Research agenda—Building a multi-modal chess-language model
This is one of the posts that detail my research agenda, which tries to marry Deep Learning and chess to gain insight into current AI technologies.
How “the world”, “what the model knows about the world” and “what the models says about the world” hang together seems to me to be a core question for prosaic alignment. In chess the state of the world can be automatically analysed by powerful engines.
This extends to the detection of high level concepts, like zugzwang, initiative, king safety, development, corresponding squares, etc. Therefore a multi-modal chess language models truthfulness and symbol grounding capabilities could be automatically quantified on several levels of complexity.
Of course it would also just be awesome.
There is current research into how to create chess comments. The probably best of such tries, Chis Butner’s amazing project “Chess Coach”, gives a nice overview.
Generally speaking, the quality of these generated comments is low. They are frequently nonsensical or only loosely connected to the position. To a large part, this must be due to the small dataset sizes, which range from 300,000 to 1 million position/comment pairs. But another problem is that the existing datasets contain mostly very low quality comments by weak players.
There are several avenues to improve these models:
Pretraining is a big one:
I plan on using an encoder-decoder architecture that encodes chess positions and decodes into natural language.
The encoder will be pretrained on chess move prediction and possibly several other pretraining tasks like predicting the outcome, predicting an engine score, predicting future piece occupation of squares, predicting the length of the game, predicting mate, etc.
The decoder will be pretrained (or finetuned) on natural language as chess related as I can make the dataset. The idea is to plug an encoder that knows chess very well, into a decoder that is already proficient at making grammatical and non-selfcontradictory statements.
However, training this pretrained architecture on only several hundred thousand position-comment pairs is probably not going to be enough. So a key part of my research roadmap is to create a new and much larger dataset.
Partly, this will be synthetic. Connecting moves and squares and pieces and checks and mates and stalemates with the correct phrase and vocabulary is not something that has to depend on actual human generated comments. By automating the generation of data with basically a description of what is happening, a translation from game notation into natural language, this stumbling block can be removed completely.
Mostly, I will extract human generated commentary from chess videos. This will very likely be bottlenecked by the compute I can leverage and not by the availability of data. There are professional chess streamers who are generating a large amount of chess commentary while playing very short live games online. These players are generally of master or grandmaster strength with several world elite players.

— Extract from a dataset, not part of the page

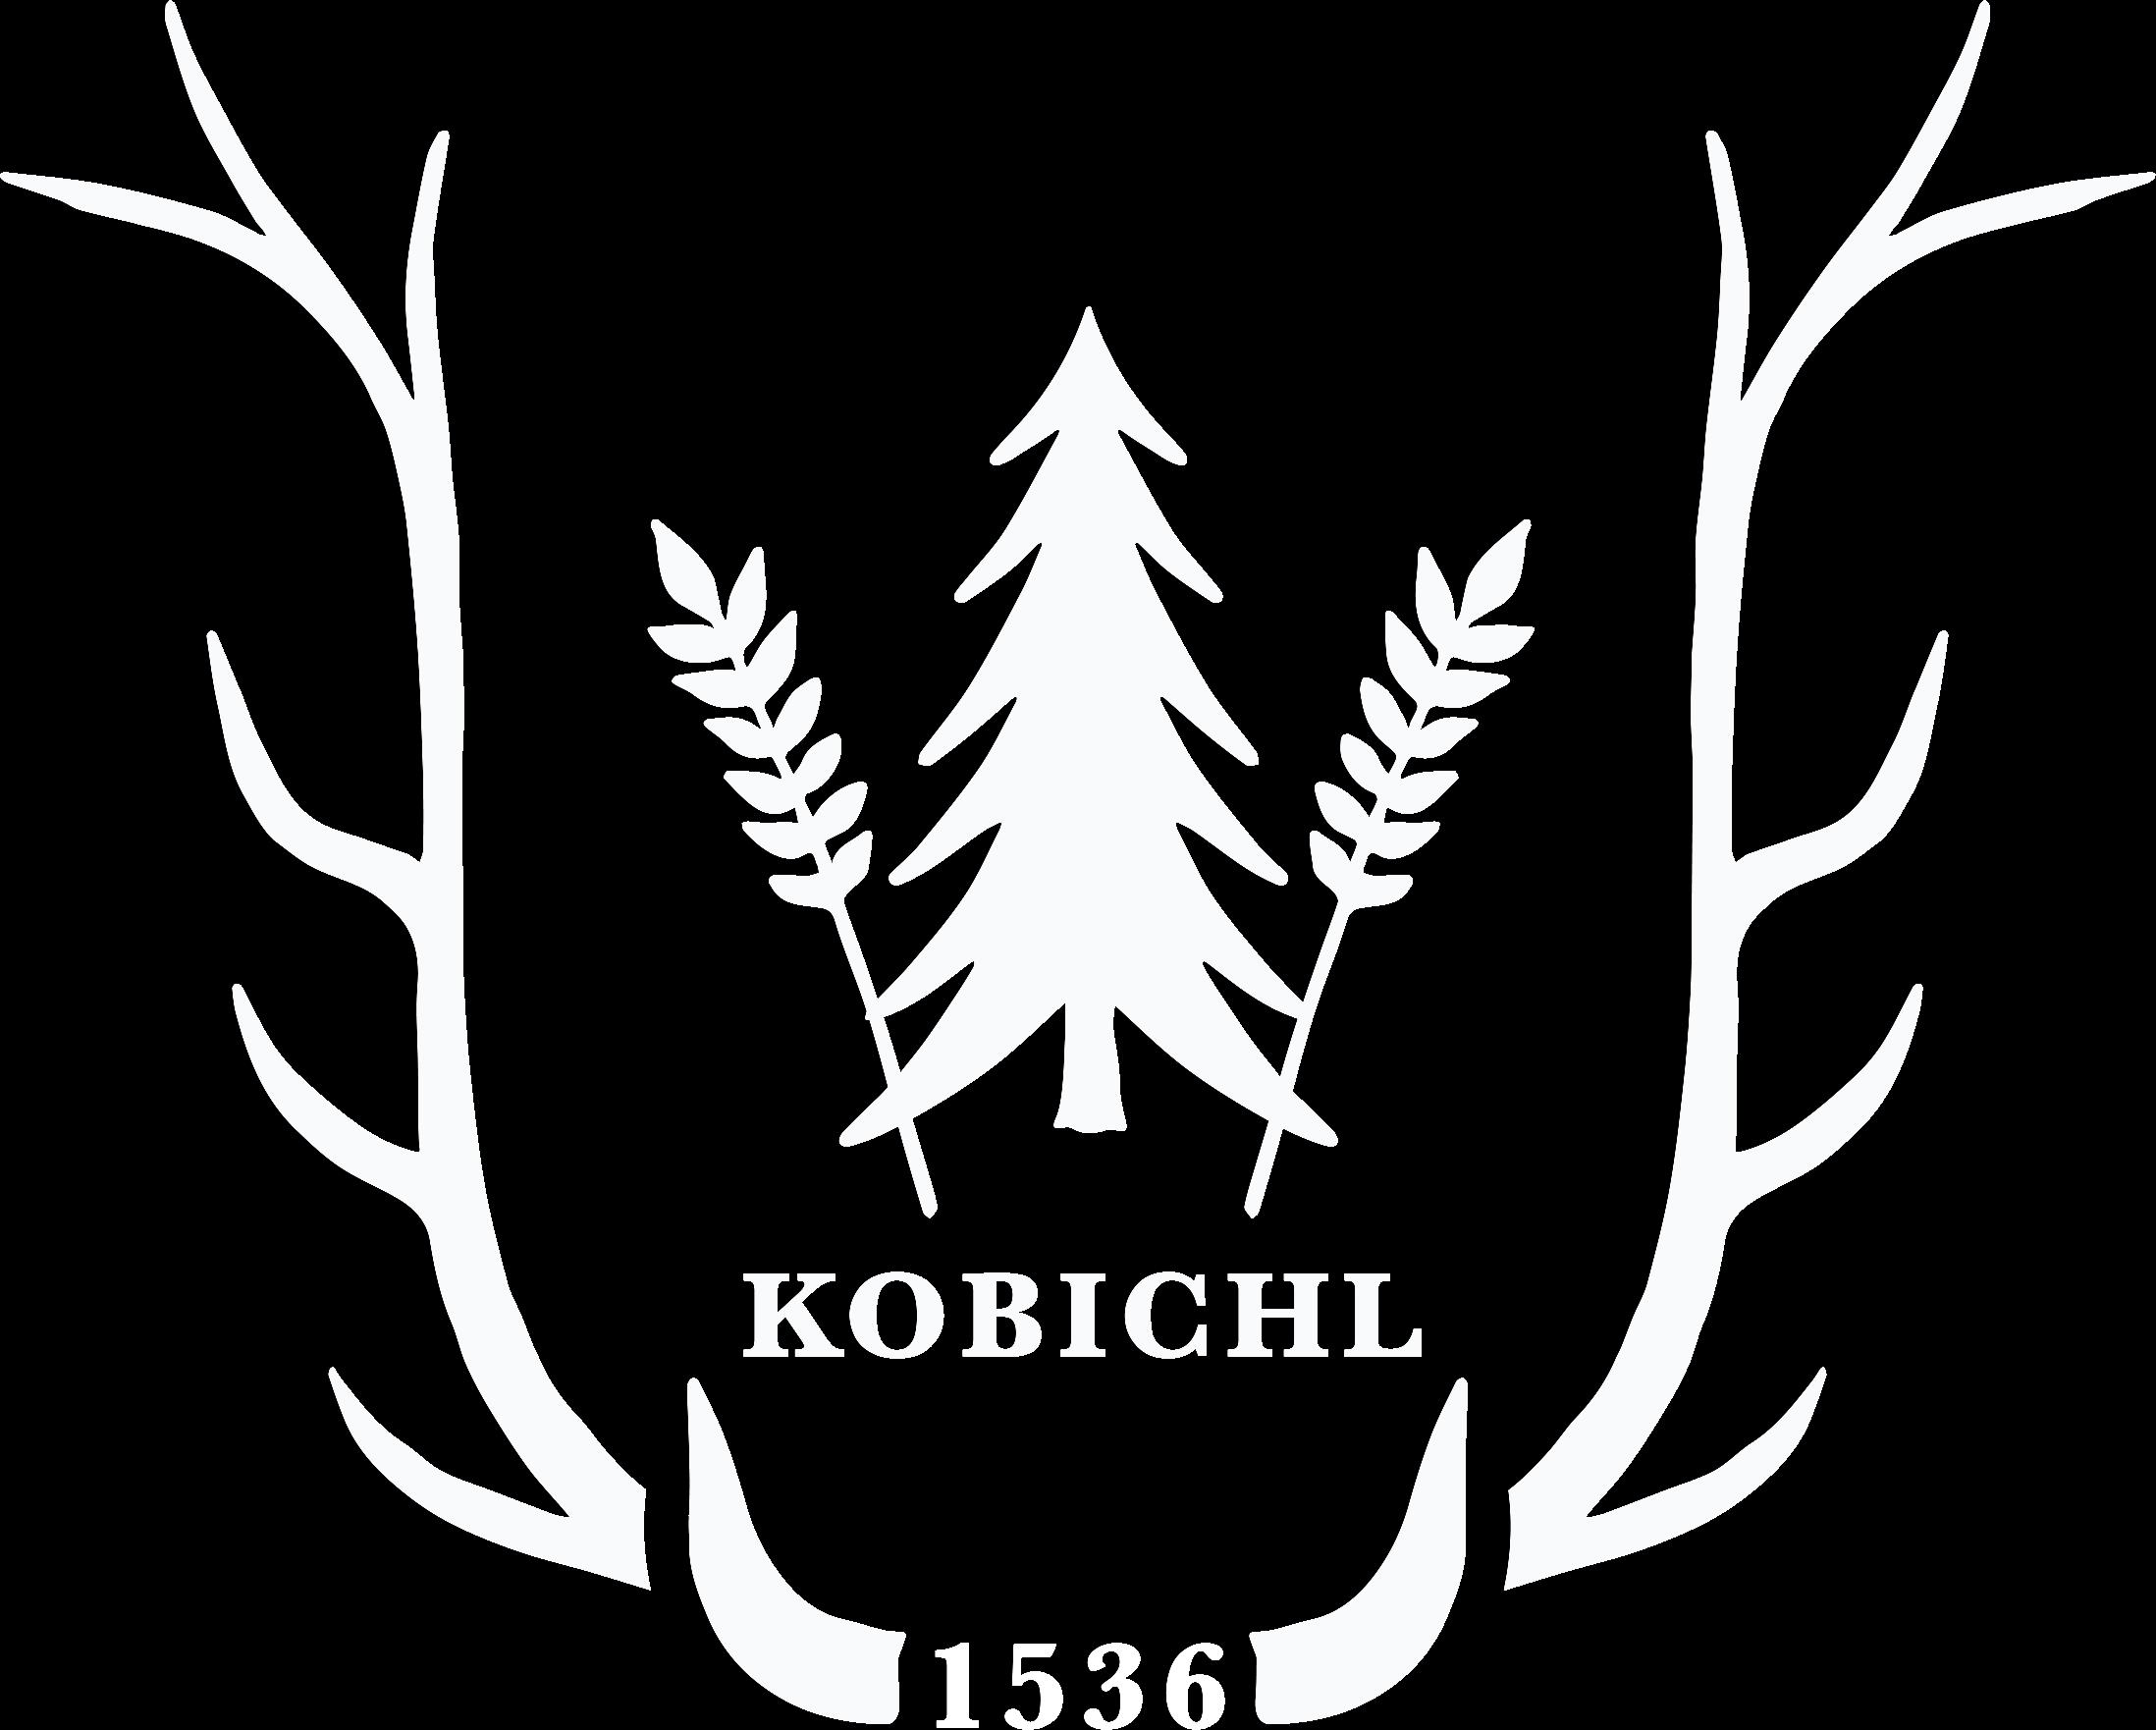 Kobichl

The commentary would have to be extracted via speech-to-text models. The game positions would have to be located and read out with likely different computer vision models. Probably only a fraction of the frames will be processed, because the need to fit into a sequence of legal moves restricts the possible positions a lot and of course positions change only once every dozens of frames even in the fastest games.
I have done similar computer vision work in the past and I think with the right hardware and decent download speed this approach should make it possible to create a high-quality dataset of chess comments many times larger than what was available so far.

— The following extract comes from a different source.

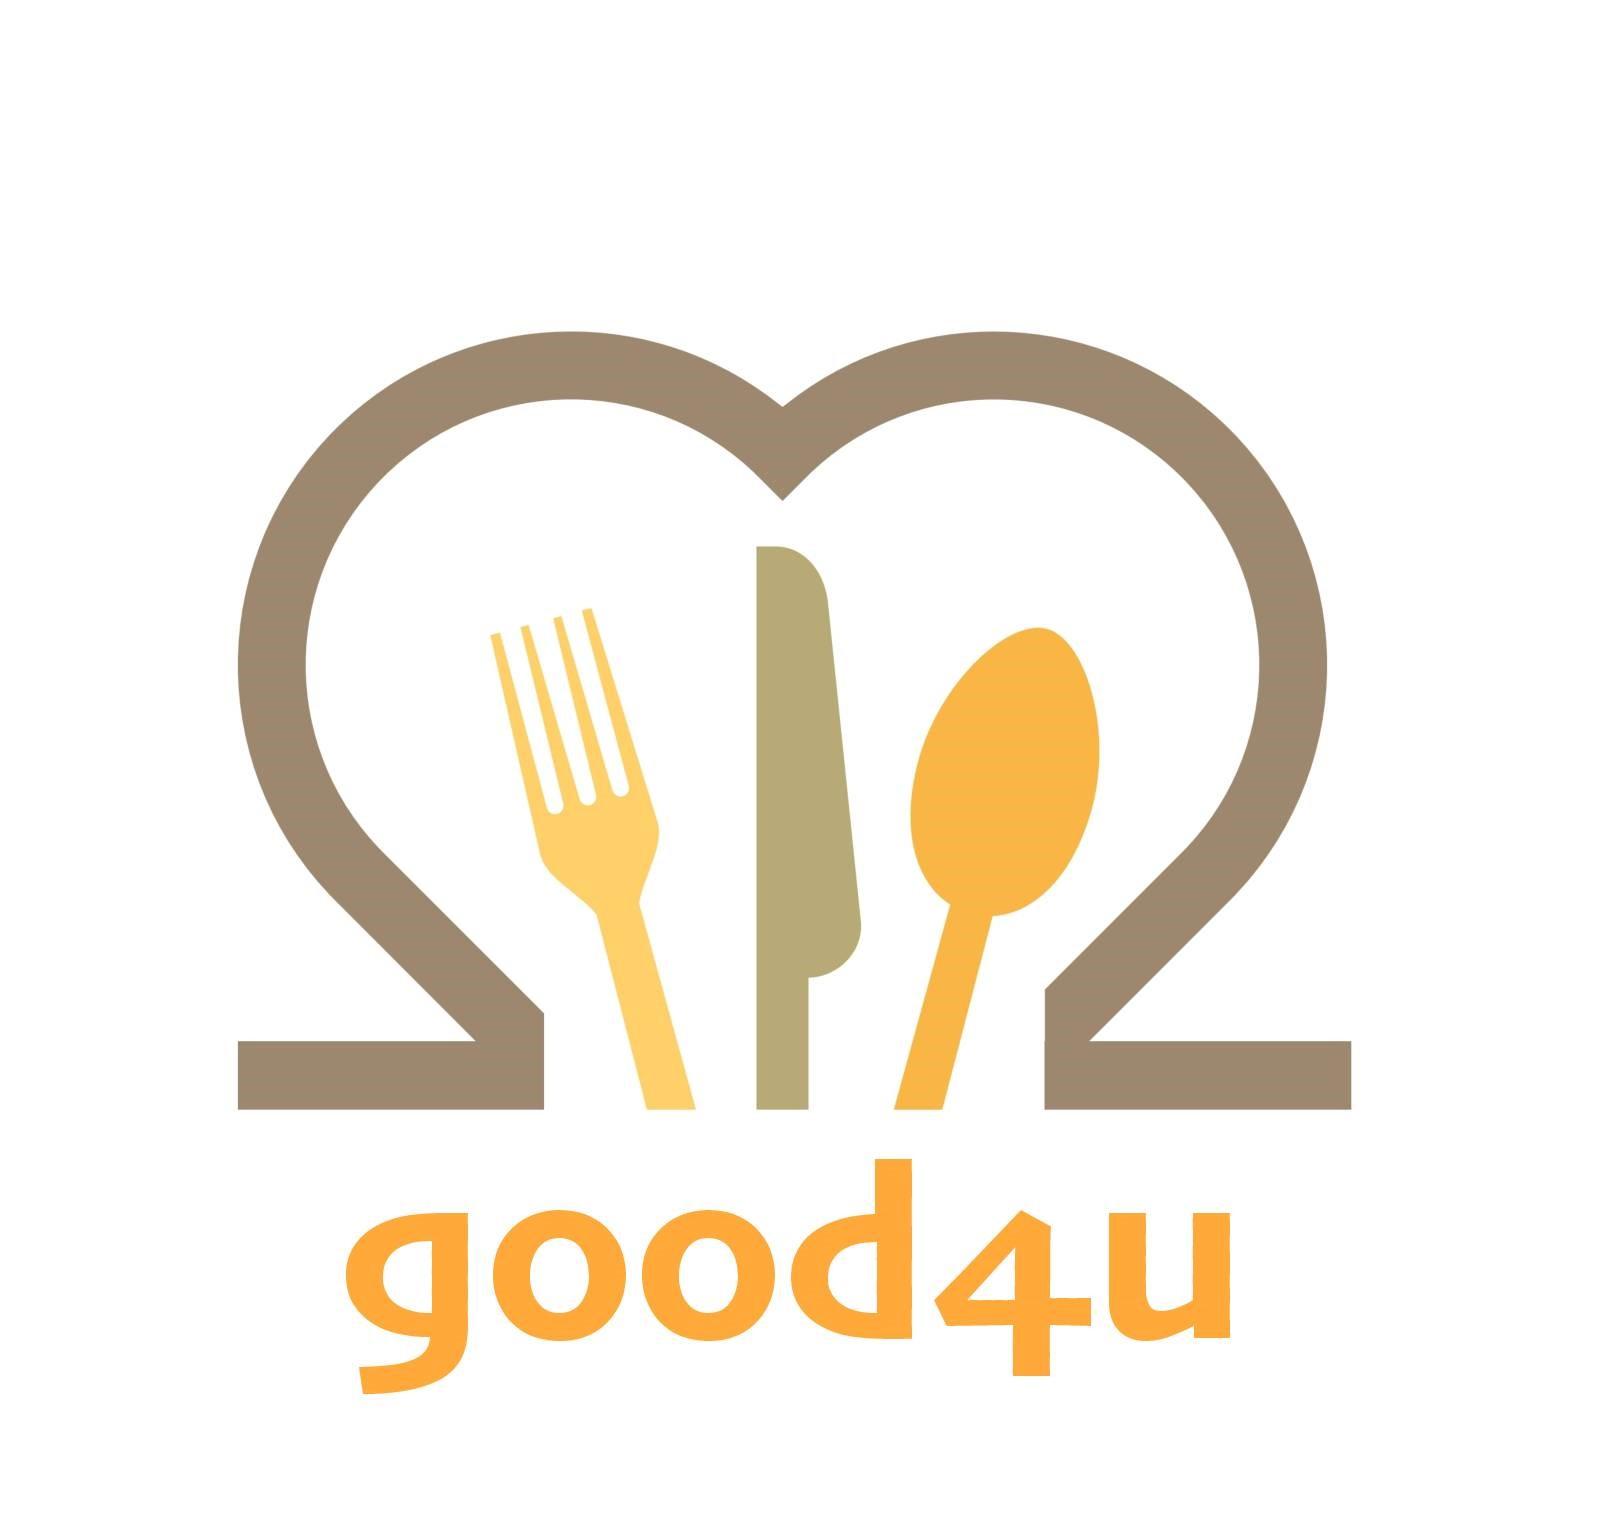 good4u logo.jpg

It’s unclear what sort of insight you might want to learn. In any case, it sounds to me like capability research that’s more likely to be net harmful for humanity rather than safety research.
My reasoning is partly that we know that large AGI-outfits do not necessarily publish their insights into the capabilities of their systems and architectures. But it seems to me to be quite important to develop a strong understanding of these capabilities.
Given that I would use existing techniques in a toy scenario, I think it’s very unlikely that I would create new capabilities. Maybe I would discover unknown capabilities but these would have existed in similar systems anyway. And of course what discoveries I would decide to publish is a separate question altogether.
I also wouldn’t call this “safety research”, though I think such a model might downstream be useful for prosaic alignment. My motivation is mostly to understand whether AGI is 5 years away or 30. And to know which breakthroughs fill the remaining gaps and which don’t.